Morrison had been performing some of the songs for a year or so with a jazz guitar/ flute/bass line-up in small shows on the east coast. In the studio, he somehow conveyed his vision to seasoned jazz session men such as Jay Berliner (guitar), Connie Kay (drums) and Richard Davis (bass). Together, reputedly over two eight-hour sessions - the horns and strings were dubbed later - they created something both new and timeless, a music that was neither folk nor jazz nor blues, but used elements of all three to weave songs that stretch the very notion of 'the song' to the limit. Underneath Morrison's darkly beautiful voice, Richard Davis's bass guitar throbs like a pulse, propelling the songs and the unfolding vision, amplifying the sense of urgency that undercuts most of the album.
At its centre is 'Madame George', a nine-minute odyssey though the streets of Belfast that seems to hinge on an encounter with a transvestite 'playing dominoes in drag'. If the words don't add up, the voice goes places most rock singers can only dream off. Morrison repeats phrases, words, syllables, dismantling language in an attempt to express the unsayable, to transcend the limits of mere words. If his voice never quite loses its flinty Belfast edge, Morrison moves from the tender to the plaintive, often in a single line, and at certain moments - as when he repeats the phrase 'dry your eye' as the strings fall away leaving only acoustic guitar and bass - he seems close to rendering what he would later call the 'inarticulate speech of the heart'.
Suffice to say, no one in pop music, before or since, has sounded so consumed by what they are singing, so destabilised by desire, so 'out there' in their voicing of the desperation and intensity of adolescence. There is joy here, too, though, and on songs such as 'The Way Young Lovers Do' and 'Sweet Thing', you'll believe a white man can sing soul.

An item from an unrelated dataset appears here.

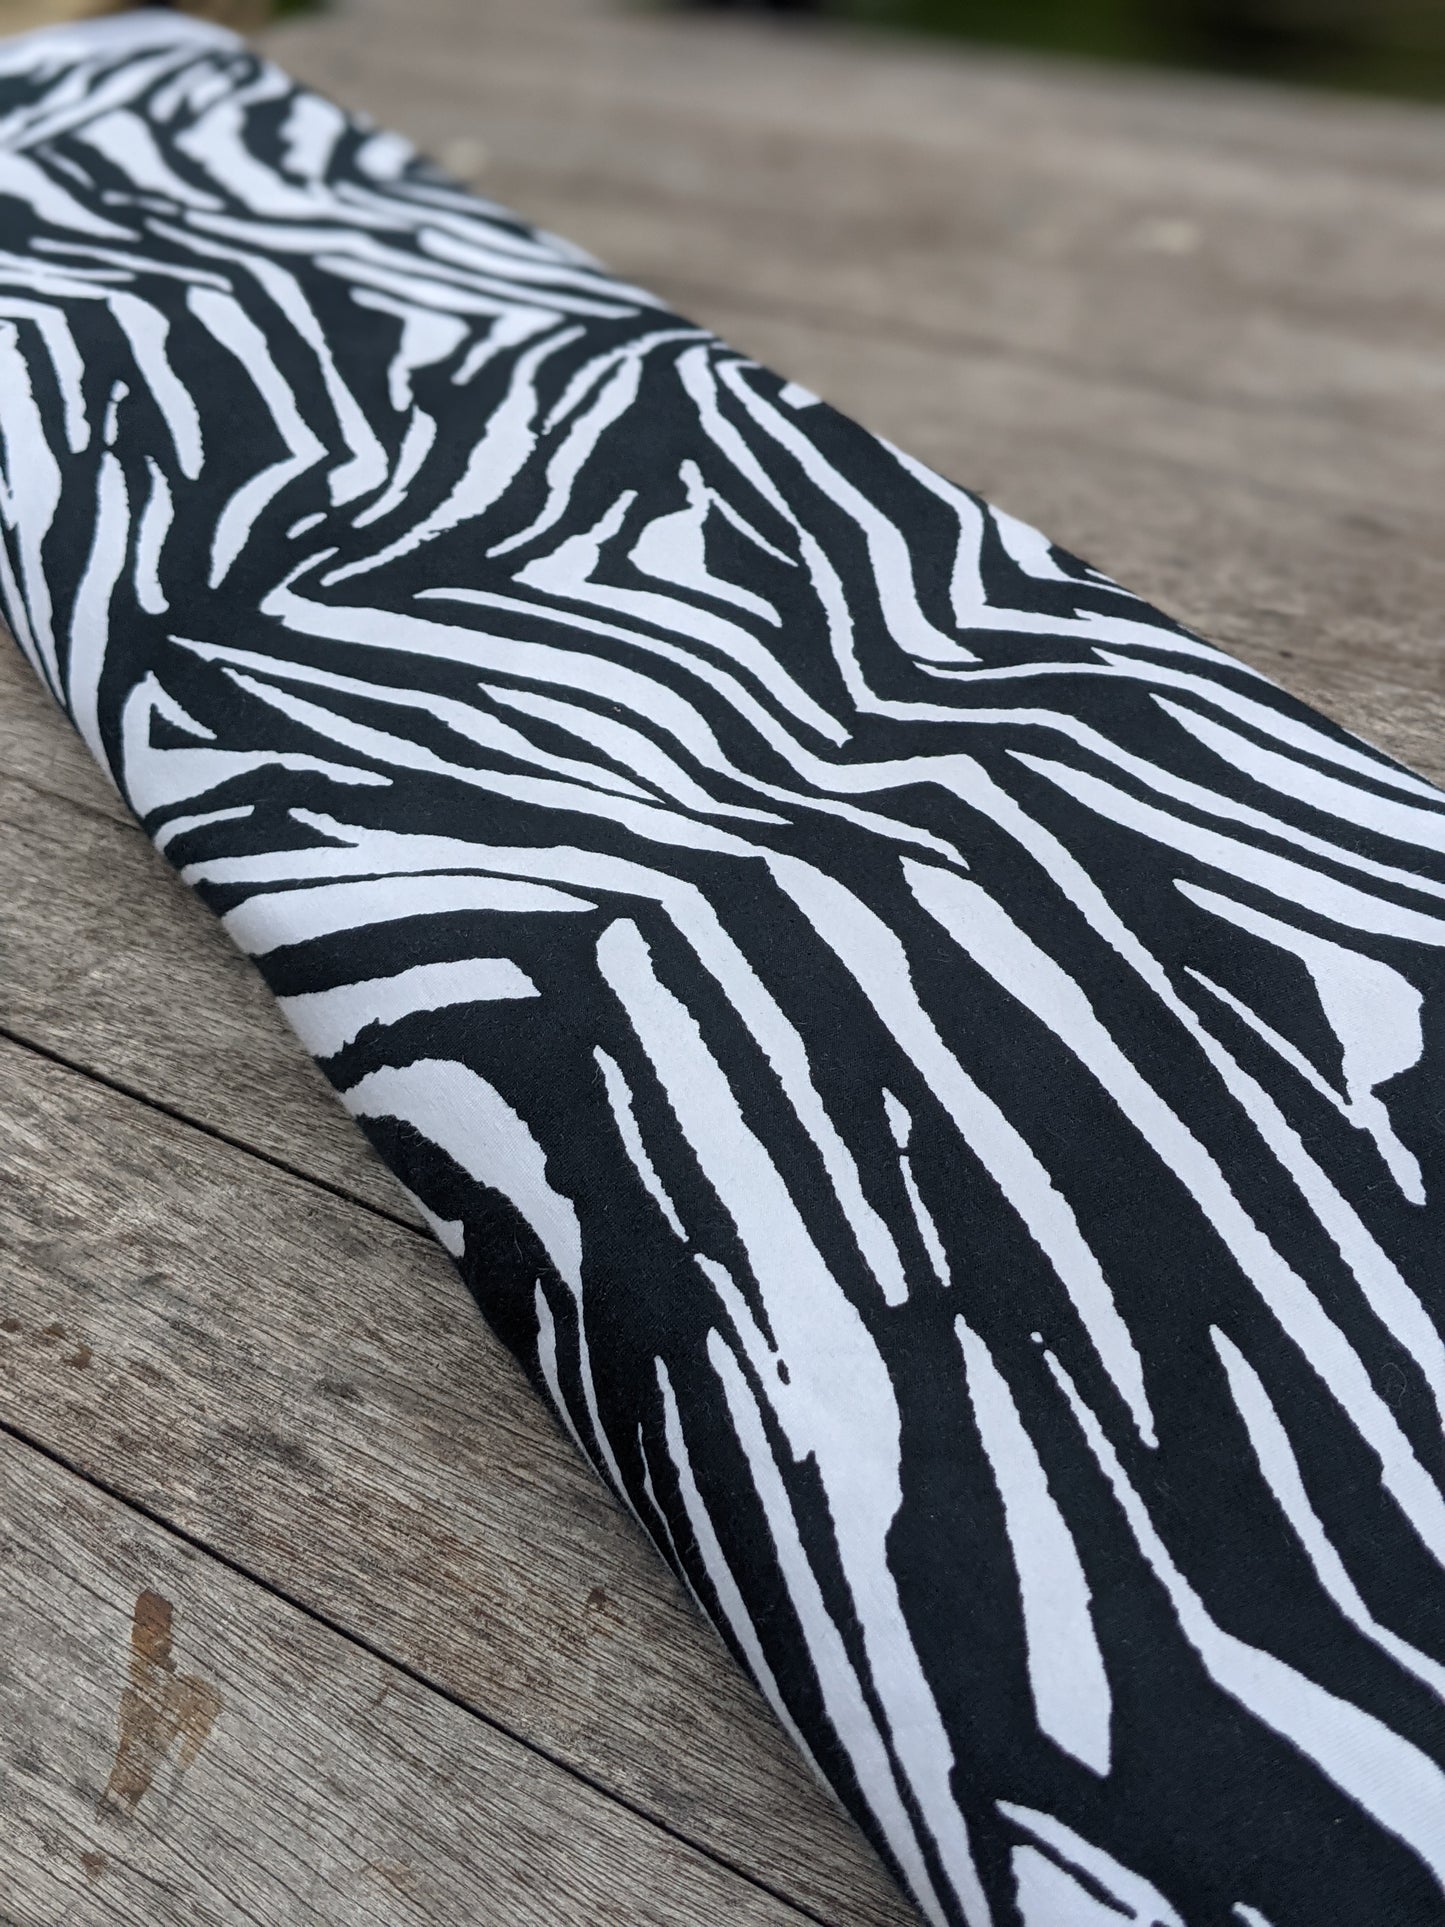 Australian Handmade Leggings (Adult - White Zebra)

Morrison was 22 when he recorded Astral Weeks, but, as the late Lester Bangs noted, 'There are lifetimes behind it.' It is an impressionistic diary of a young man's loss of innocence as well as a heartfelt farewell to Belfast, the city of his birth, a city that was just about to enter a new dark age as Astral Weeks was being recorded. An unconscious elegy then, too, for a prelapsarian Belfast, untouched by bomb or bullet. Ultimately unreadable, utterly singular, it remains one of those rare albums that actually lives up to the extravagant claims made on its behalf, not least because it sits outside 'rock' or 'pop' or whatever generic label you want to throw at it. As close as pop has come to the condition of art.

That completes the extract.